Pick out all lines of the entries that include the word "Beige" and copy them.

*** Task material ***

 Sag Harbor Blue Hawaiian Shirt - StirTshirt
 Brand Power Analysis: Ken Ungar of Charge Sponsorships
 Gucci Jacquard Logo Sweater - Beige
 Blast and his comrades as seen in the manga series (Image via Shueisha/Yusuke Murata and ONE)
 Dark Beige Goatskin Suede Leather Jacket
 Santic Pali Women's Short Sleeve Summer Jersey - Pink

*** End of Task material ***

→ Answer to the problem:
 Gucci Jacquard Logo Sweater - Beige
 Dark Beige Goatskin Suede Leather Jacket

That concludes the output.